Presently there are nearly 3.12 crore i.e. about 31.2 million overseas Indians settled globally, of which nearly 1.34 crore i.e. 13.4 million are Persons of Indian Origin and 1.78 crore i.e. 17.8 million are Non Resident Indians. The first PBD was held in January 2003 in New Delhi. So far 13 editions of the PBD Convention have been held, the last in Gandhinagar, Gujarat in January 2015 which coincided with the 100th anniversary of Mahatma Gandhi's return from South Africa. The PBD is often held in cities outside Delhi in partnership with states which have large diaspora populations outside Delhi.

The Ministry of Overseas Indian Affairs (MOIA) is the key facilitator and enabler of the bilateral relationship. Arising from the felt need expressed in the first PBD convention in 2003, the Ministry of Non-Resident Indians' Affairs was set up in May 2004 and renamed as Ministry of Overseas Indian Affairs in September 2004 to meet the expectations of Pravasis. Its mandate gives expression to the diverse nature of Indian communities worldwide. Headed by a Minister of Cabinet rank, MOIA is positioned as a contemporary, lean and efficient ministry to act as 'friend and guide' to the 31.2 million Overseas Indians in all parts of the world.

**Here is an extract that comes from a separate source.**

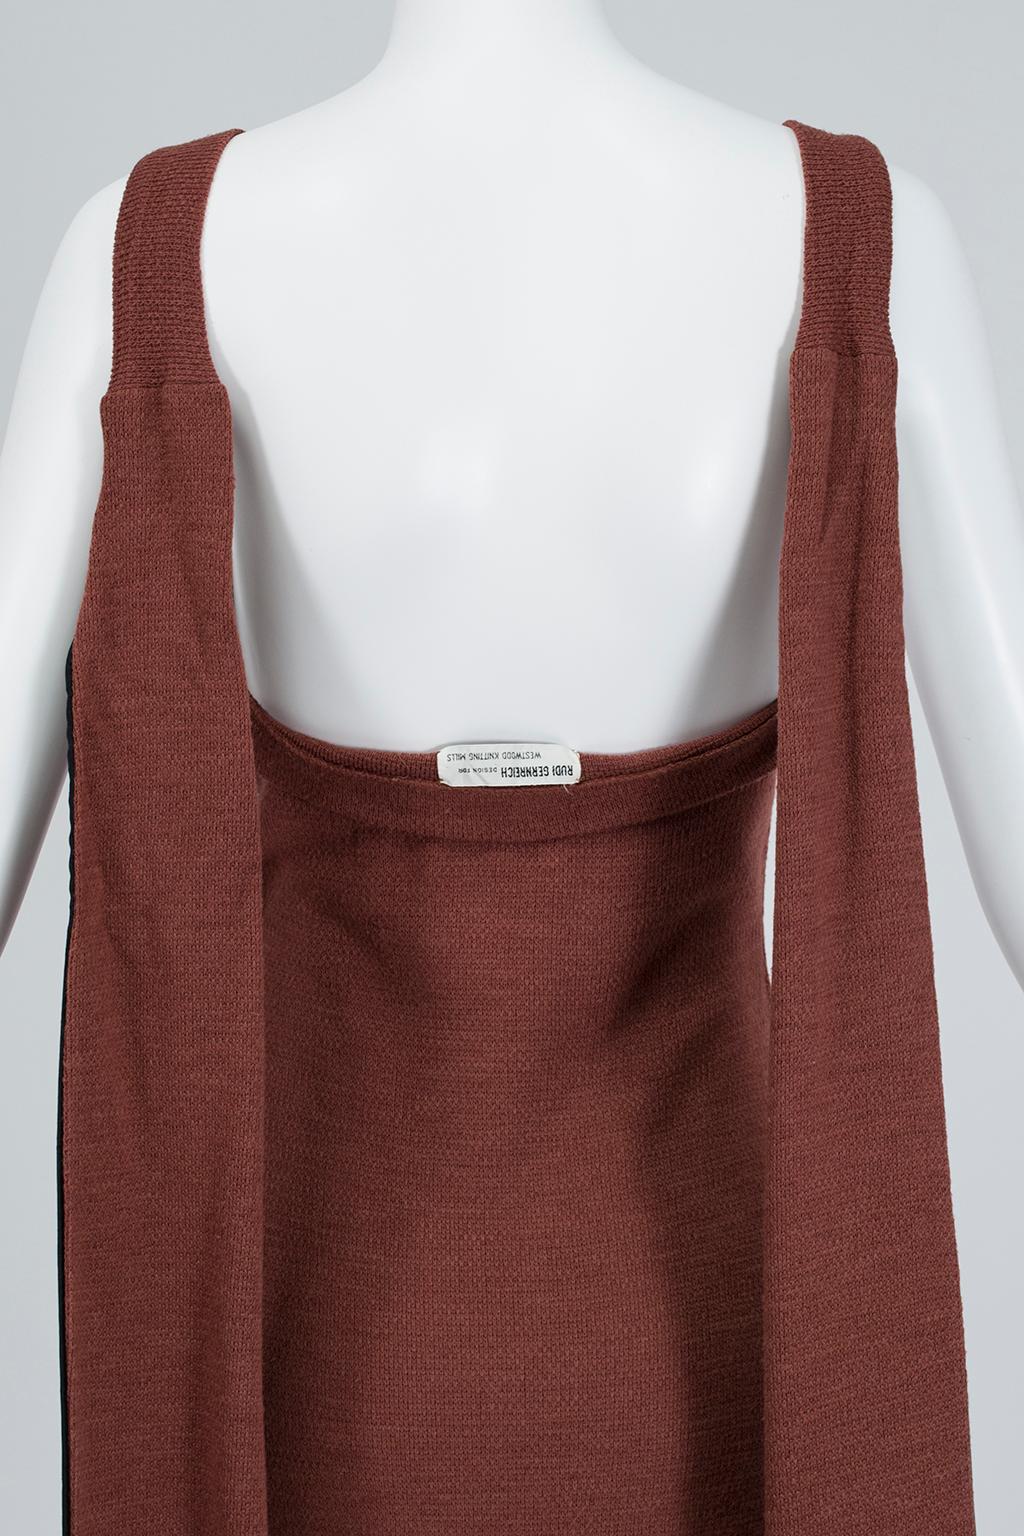 Rudi Gernreich Chestnut Knit Halter Tube Dress with 4’ Sashes - size M, 1960s 3

The Diaspora Services division of the ministry is tasked with all matters pertaining to Persons of Indian Origin (PIO) and Non-Resident Indians (NRI), including organizing the PBD conventions, mini-PBDs in different parts of the world, and dissemination of information regarding educational institutions. Financial Services division aims to assist Overseas Indian investors and businesses in participating in the India growth story. The Emigration Services division consolidates all matters relating to employment of Indians in other countries, formulating policies to facilitate and empower workers and professionals traveling abroad. Additionally, the Protectorate General of Emigrants administers the Emigration Act 1983 and overseas the eight field offices of the Protectors of Emigrants in various Indian cities.

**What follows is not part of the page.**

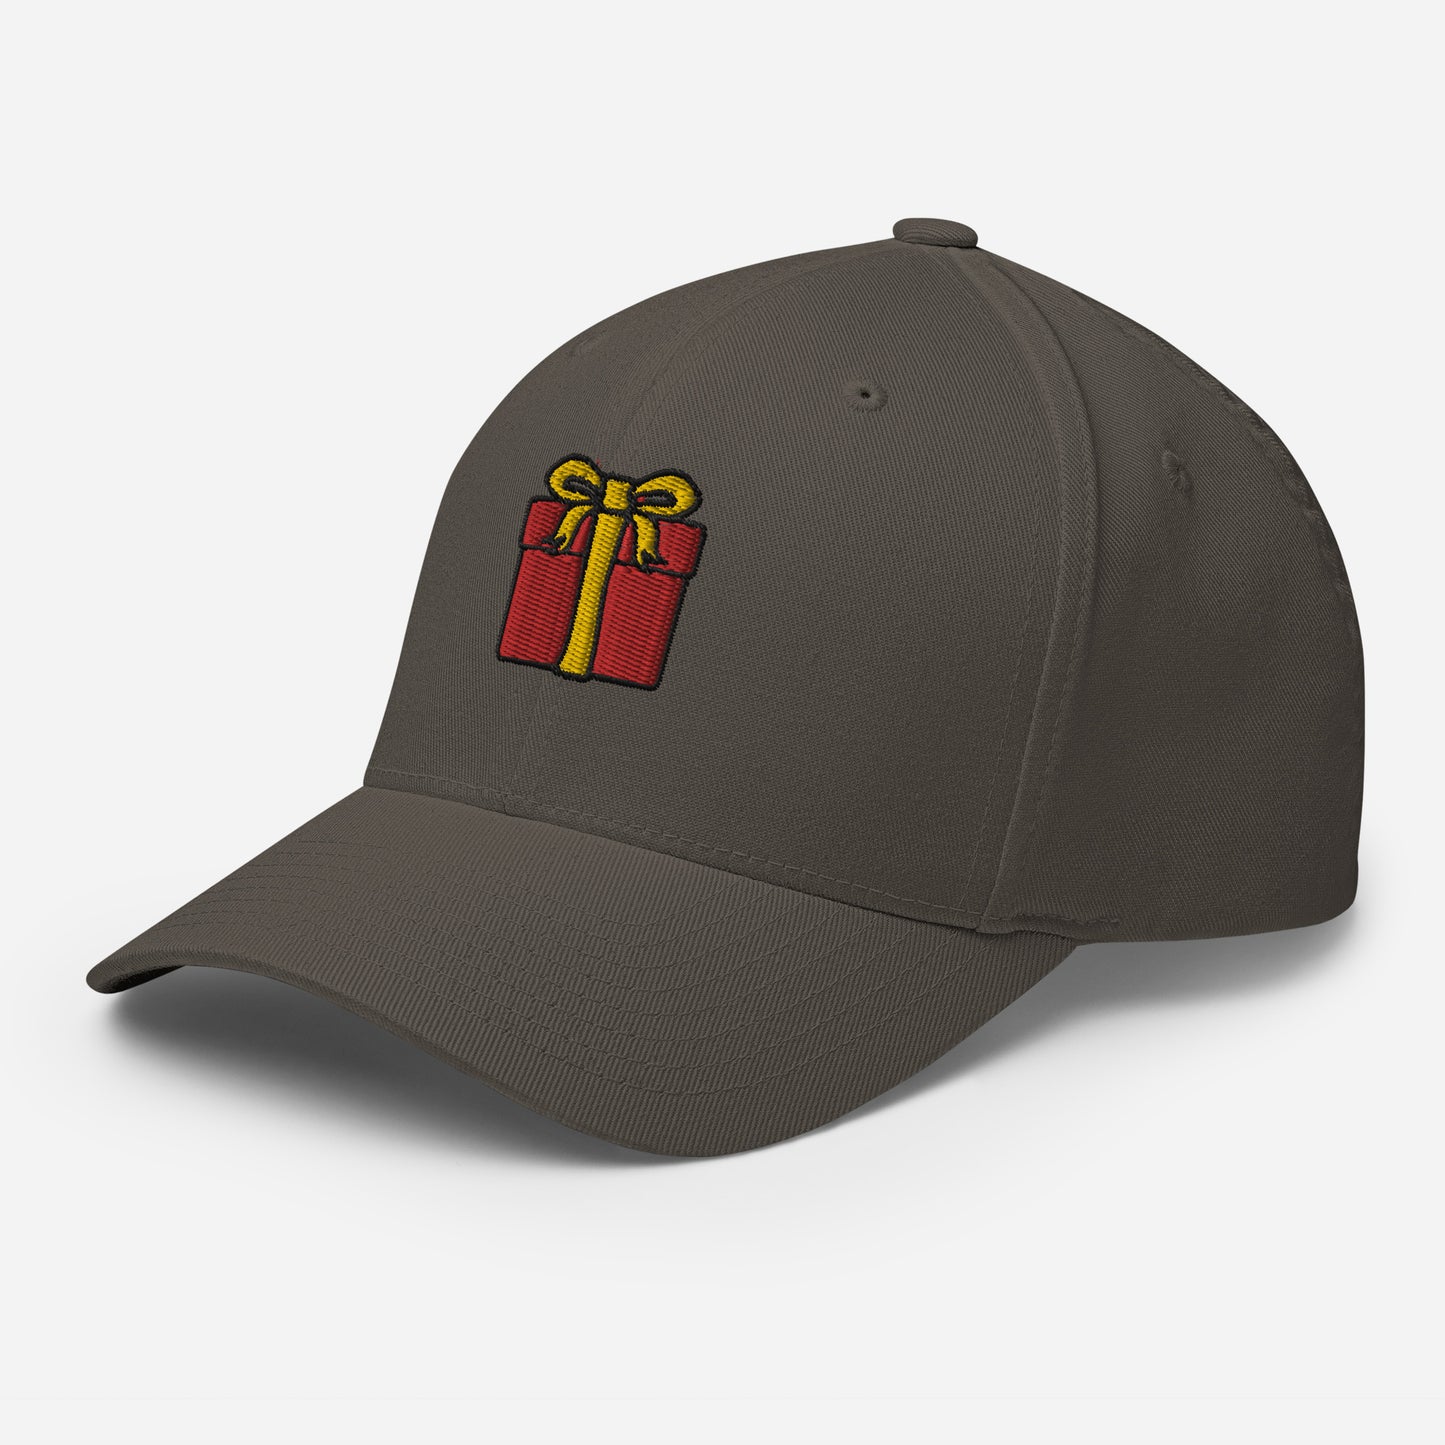 Baseball Cap with Christmas Present Symbol

Through the previous editions of the PBD convention, a multi-modal multi-platform architecture of policies and institutions has been structured to expand the limits of engagement of Pravasis with India. It has been recognized that the Overseas Indian community is in fact not a single entity, but a conglomerate of differentiated identities and experiences, each of which demands different approaches for engagement. Some of the institutional arrangements initiated by the MOIA include the Prime Minister's Global Advisory Council of Overseas Indians, Overseas Indian Facilitation Center (OIFC), Global Indian Network of Knowledge (Global-INK), India Development Foundation for Overseas Indians, and PIO university.

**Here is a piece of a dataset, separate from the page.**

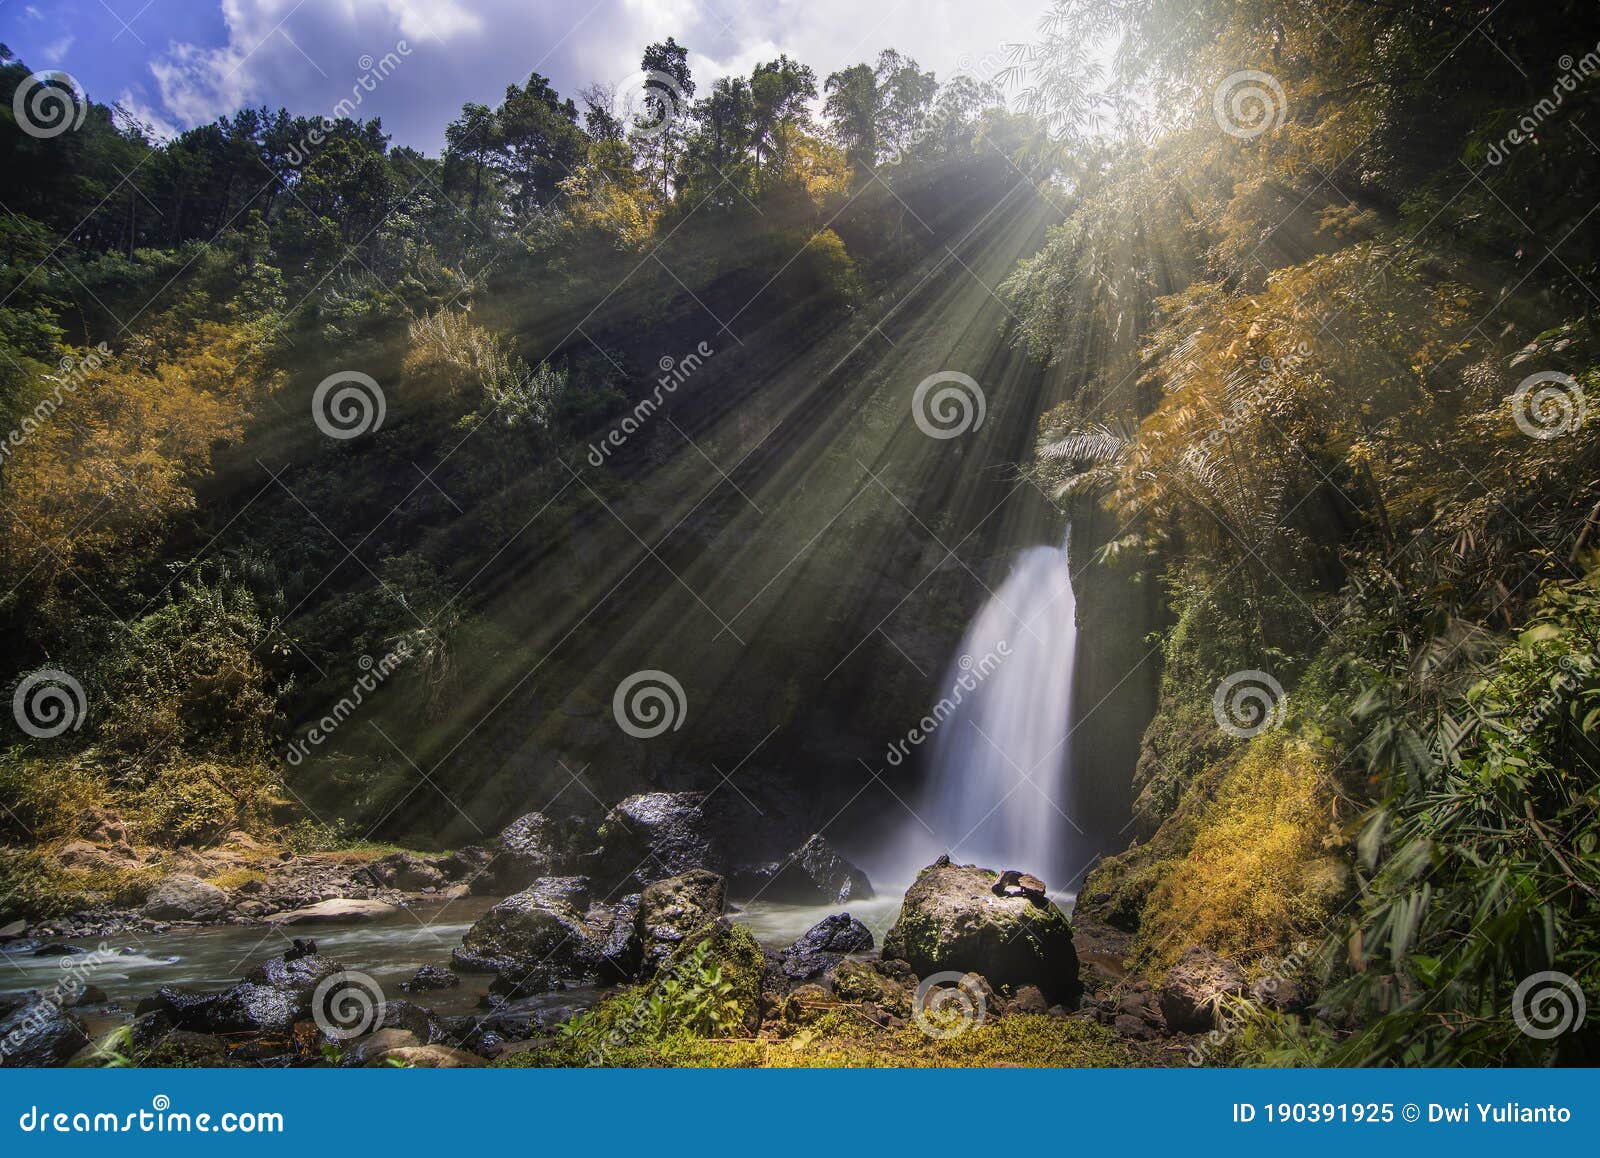 Waterfall in Tropical Garden Stock - Image of outdoor, green: 190391925

Initiatives that have given expression to the needs of the Overseas Indian include the seminal Overseas Citizenship of India card that affords a number of privileges to holders on par with facilities available to Indian citizens, barring a few; the Know India Program, a 3 week tour of India for OI students; the Scholarship Program for Diaspora Children, for financial assistance in Indian higher education institutes; Tracing the Roots; and legal and financial assistance to Indian women deserted by the Overseas Indian spouses. A number of initiatives have been taken for Indian workers overseas such as labour agreements with different countries, emigration helplines, community welfare funds, and others.